European science ministers call for open access

By 2020, publications of publicly funded research are to be freely available in EU, but details are unclear

by Andrea Widener
June 3, 2016 | A version of this story appeared in Volume 94, Issue 23

Photo shows Carlos Moedas, European commissioner for research, science, and innovation, and Sander Dekker, Dutch state secretary for education, culture and science, standing at two podiums on a stage.
Credit: European Union
Moedas, left, and Dekker announce the EU’s open access policy.

Science ministers from European Union nations agreed last month to make publicly funded research publications freely available by 2020, a move European Commissioner for Research, Science & Innovation Carlos Moedas called “huge” and “life-changing.”

The unanimous decision sets a policy goal of “immediate access” to such research, as well as associated data, published by scientists in the EU’s 28 member countries. Each country will implement its own publication policy.

The open access push was spearheaded by the Netherlands, which is leading the EU for a six-month term that ends June 30.

“The results of publicly funded research are currently not accessible to people outside universities,” says Sander Dekker, Dutch state secretary for education, culture, and science. “As a result, teachers, doctors, entrepreneurs do not have access to the latest scientific insight that can be relevant to their work. Universities have to take out expensive subscriptions with publishers to gain access to publications.”

The vote is an important step forward for open access in Europe, says Heather Joseph, executive director of the open access advocacy group the Scholarly Publishing & Academic Resources Coalition. She is especially impressed by the EU’s ambitious goal of fully implementing open access in less than four years. “It’s really important to put a marker to say we would like to get it done by then,” she says.

What exactly the ministers mean by “immediate access” to research is not clear.
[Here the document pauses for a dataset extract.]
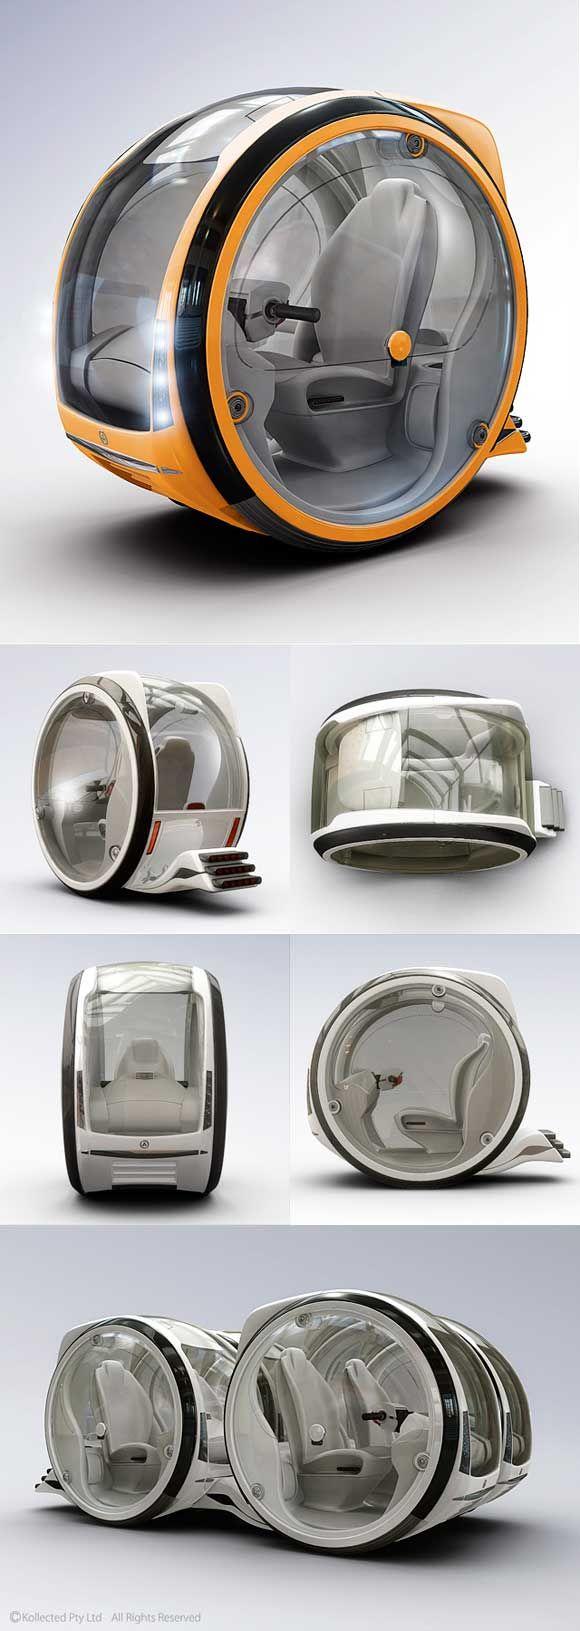 50 Awe-Inspiring Futuristic 3D Renderings by Nick Kaloterakis | MyCreativeDaddy

In the U.S., federally funded research at the National Institutes of Health and several other agencies may remain behind a publisher’s paywall for up to a year before being made freely available.

The American Chemical Society, which publishes multiple research journals as well as C&EN, hopes EU countries will adopt a similar embargo model, says spokesperson Glenn Ruskin. “This cooperative approach will permit free access to federally funded research while also permitting the sustainability of the scientific publishing enterprise.”

Joseph says that if the EU move does result in immediate access to research, it might force changes in the U.S., which would be at a disadvantage if publications are available sooner elsewhere. “This does keep up the pressure on the momentum driving toward open access.”